Meeting participants examined the status of postgraduate academic programmes in nuclear science and technology at the country level. The attending Vice Chancellors presented overviews of the academic offerings of their institutions, with a view to identifying any gaps in coverage. The development of curricula in agriculture and radiopharmacy were highlighted as priority areas for collaboration.

“For many countries in Africa, the ability to apply nuclear science and technology to address development challenges is limited by a shortage of qualified professionals. These gaps in capacity are due in part to a lack of relevant accredited academic programmes in African universities,” explained Shaukat Abdulrazak, Director of the IAEA Technical Cooperation Department’s Division for Africa.

Key recommendations from the meeting included keeping universities informed of open applications for post-graduate academic programmes and providing Vice Chancellors with examples of IAEA-developed curricula, as well as with the opportunity to have proposals for new curricula reviewed by international experts. This support will enhance the region’s academic landscape by both fostering the creation of new postgraduate nuclear science programmes at accredited universities in Africa and supporting existing efforts.

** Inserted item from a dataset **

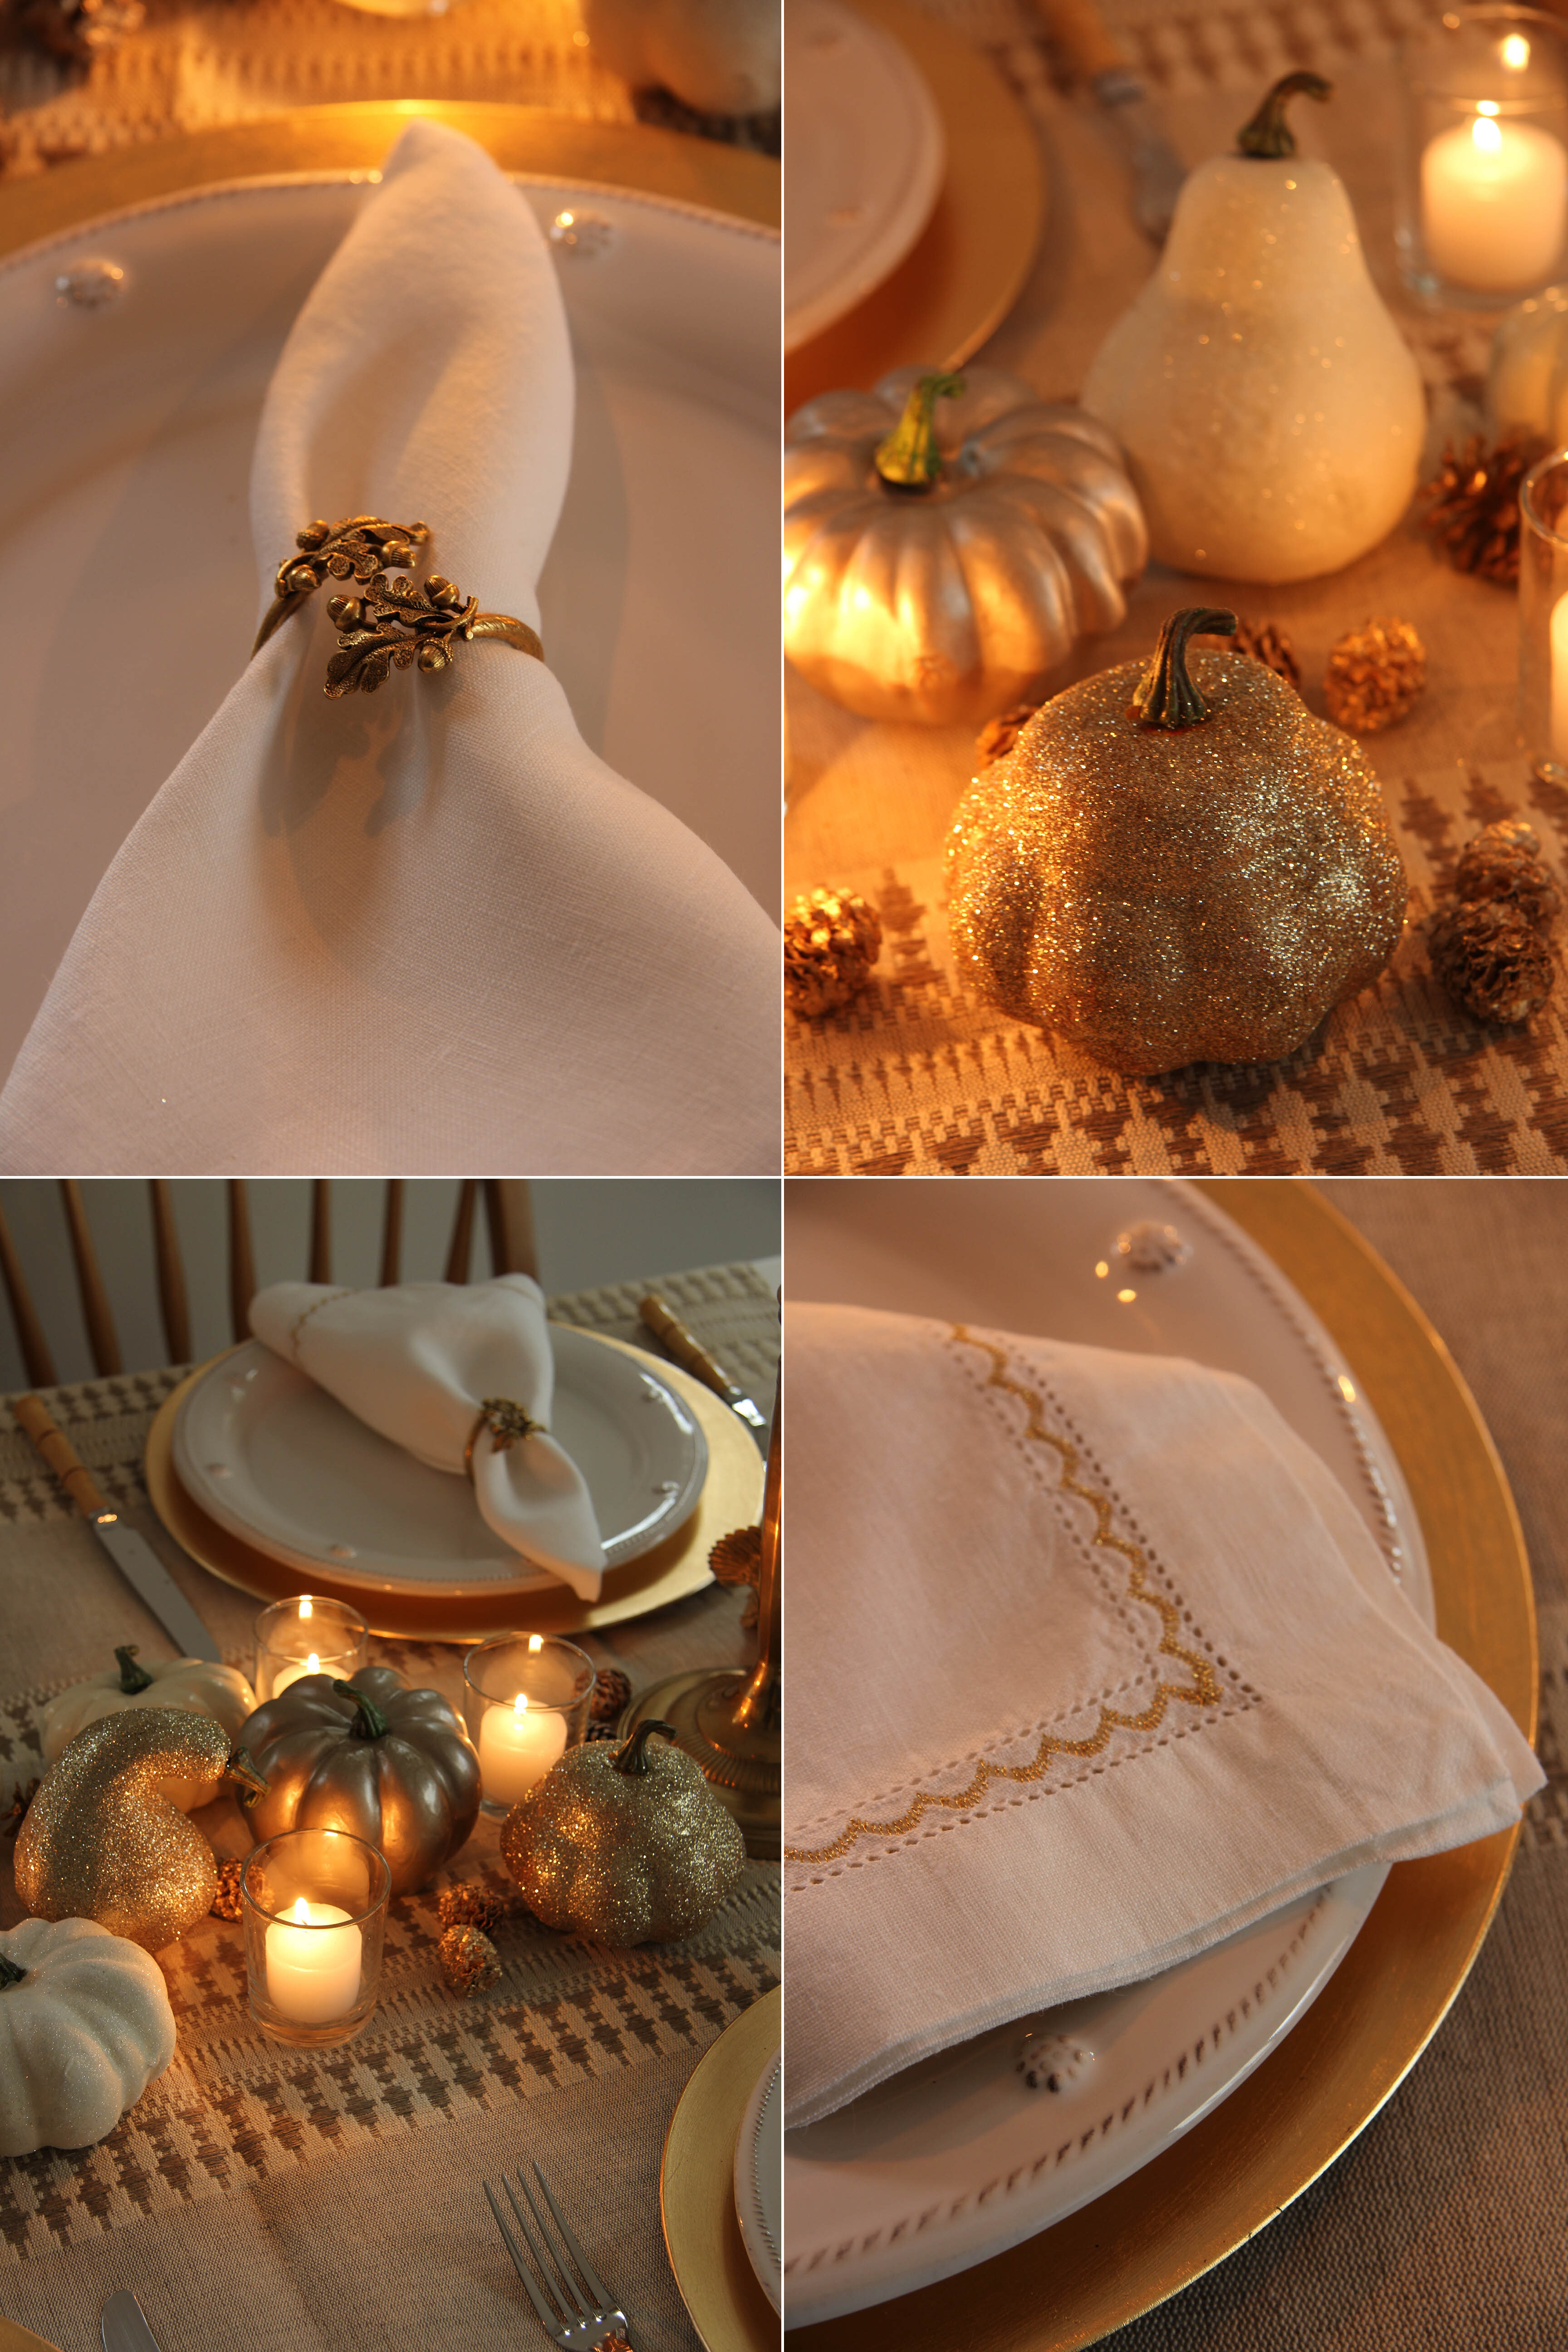 Recreate my Thanksgiving table with these easy DIY metallic and glitter gourds. Setting the table was so much fun and it looks so festive!
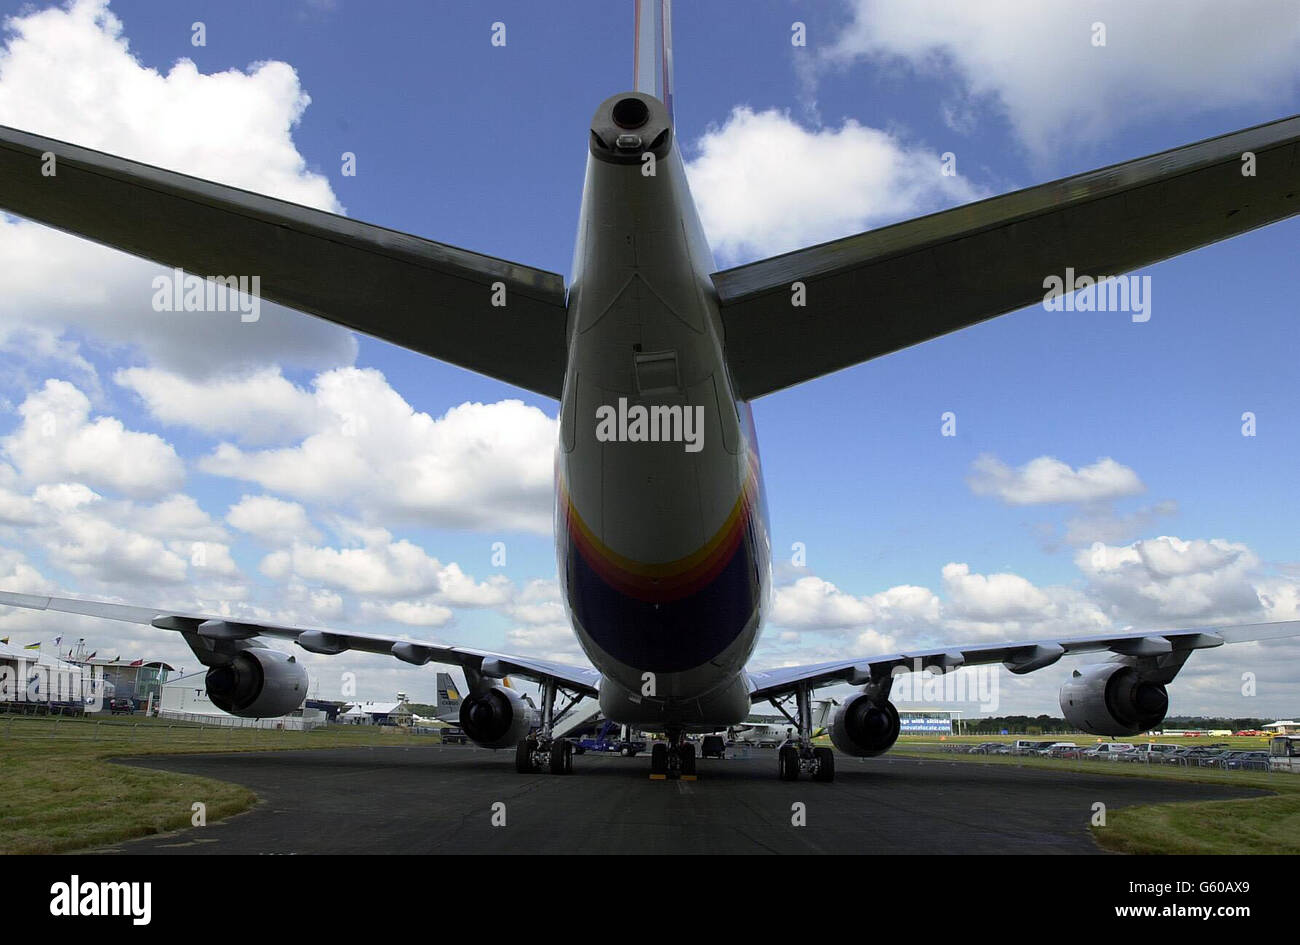 The A340-600 Air bus - the largest aircraft on display at the Farnborough air show. Stock Photo

Since 2018, the IAEA has brought together the Vice Chancellors of African universities through a series of regional meetings, organized to encourage the development of more market- and research-oriented academic curricula and training programmes. These programmes would allow tertiary academic institutions to respond more effectively to the pressing human resource development demands on the continent.

The last session of the 2023 meeting included a visit to South Africa’s North-West University, where delegates learned more about South Africa’s available academic programmes, and were able to reflect further on the suggestions and plans for improvement that were discussed during the assembly.